Case Name: Lime Rock National Bank v. Mowry & a.
Court: New Hampshire Supreme Court
Jurisdiction: New Hampshire
Decision Date: 1891-06
Citations: 66 N.H. 598
Docket Number: 
Parties: Lime Rock National Bank v. Mowry & a.
Judges: Smith, J., did not sit: the others concurred.
Reporter: New Hampshire Reports
Volume: 66
Pages: 598–600

Head Matter:
Lime Rock National Bank v. Mowry & a.
An assignment of a mortgage given for a subsisting debt,, as collateral security for a prospective indebtedness of .the assignor, is not within G. L., c. 136, s. 3, prohibiting mortgages to secure future advances.
Motion to vacate a foreclosure decree.
Bingham, Mitchell & Batchellor, for the motion.

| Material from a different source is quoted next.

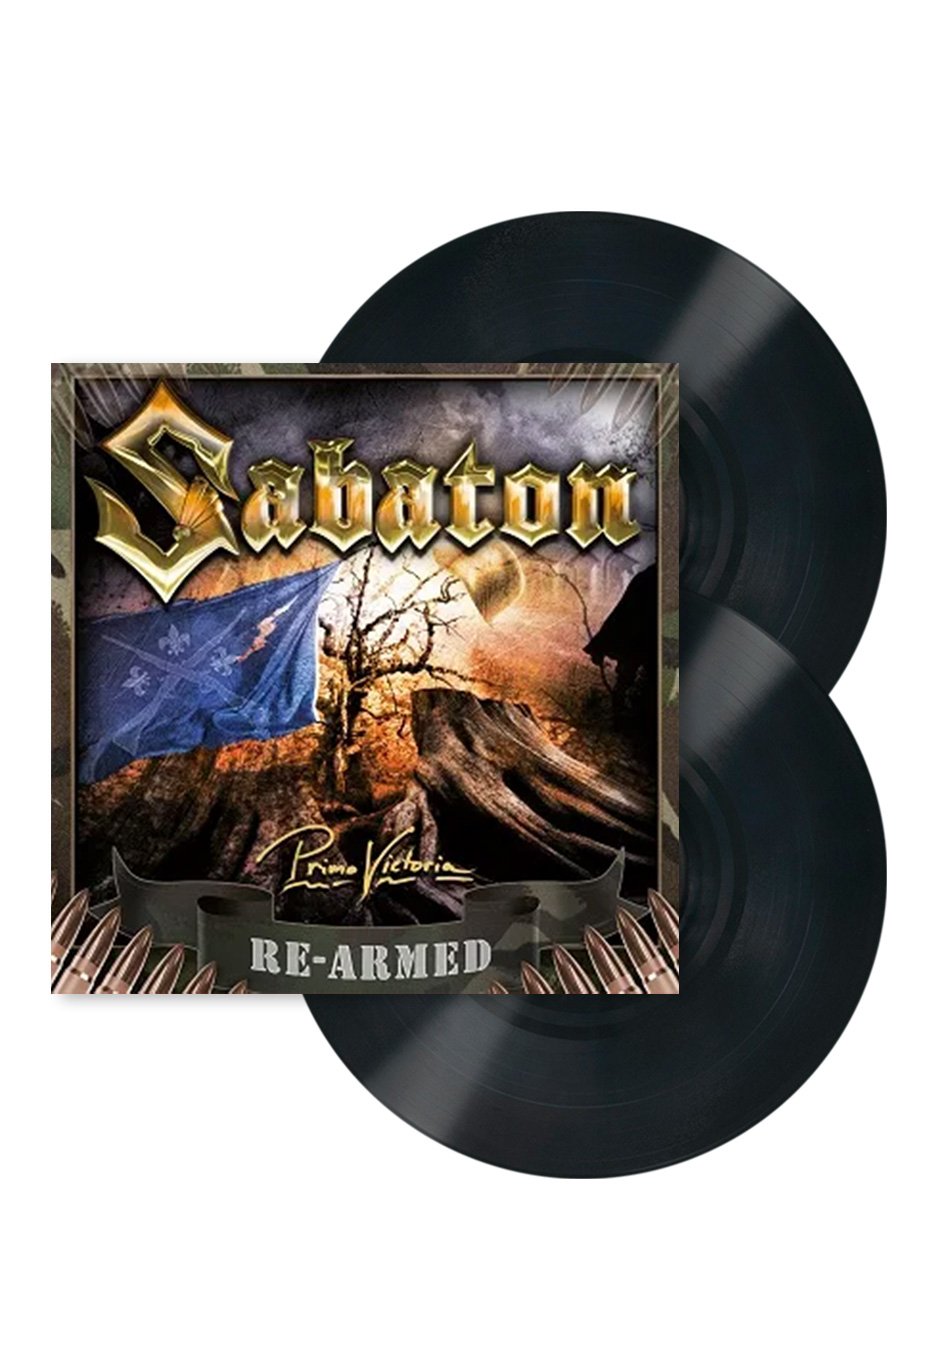 Sabaton - Primo Victoria Re-Armed - 2 Vinyl

J. W. Remick, with whom was E. C. Mowry (of Rhode Island), for the plaintiffs. ,

Opinion:
Clark, J.
This is a motion to vacate a decree for foreclosure of a mortgage by a creditor of the estate of N. S. Mowry, who at his decease was the owner of the equity of redemption in the mortgaged premises. N. S. Mowry died in the spring of 1889 insolvent. The petitioner became a creditor of N. S. Mowry's estate in October, 1889, by an assignment of a judgment against Mowry and others. The foreclosure proceedings were by bill in equity, filed November 6, 1889, in which the administrators upon the estate of N. S. Mowry were made defendants; and at the March term, 1890, the bill was ordered taken as confessed, and a decree rendered that unless the defendants pay to the plaintiffs, within sixty days from March 18,1890, the sum of $24,902.16 with interest from that date,' and costs of suit taxed at $10.75, a writ of possession issue to the plaintiffs to put and secure them in possession of the premises. A writ of possession issued May 20, and the plaintiffs were put in possession May 21,1890. At the September term, 1890, the motion to vacate the decree was made and denied, subject to exception. The petitioner does not charge any fraud on the part of the administrators of Mowry's estate in not resisting the foreclosure, nor offer to redeem the mortgage, but as .the right of the petitioner to appear is not questioned, we express no opinion upon that point. The facts stated show no error in the decree of foreclosure, and the motion to vacate was rightfully denied.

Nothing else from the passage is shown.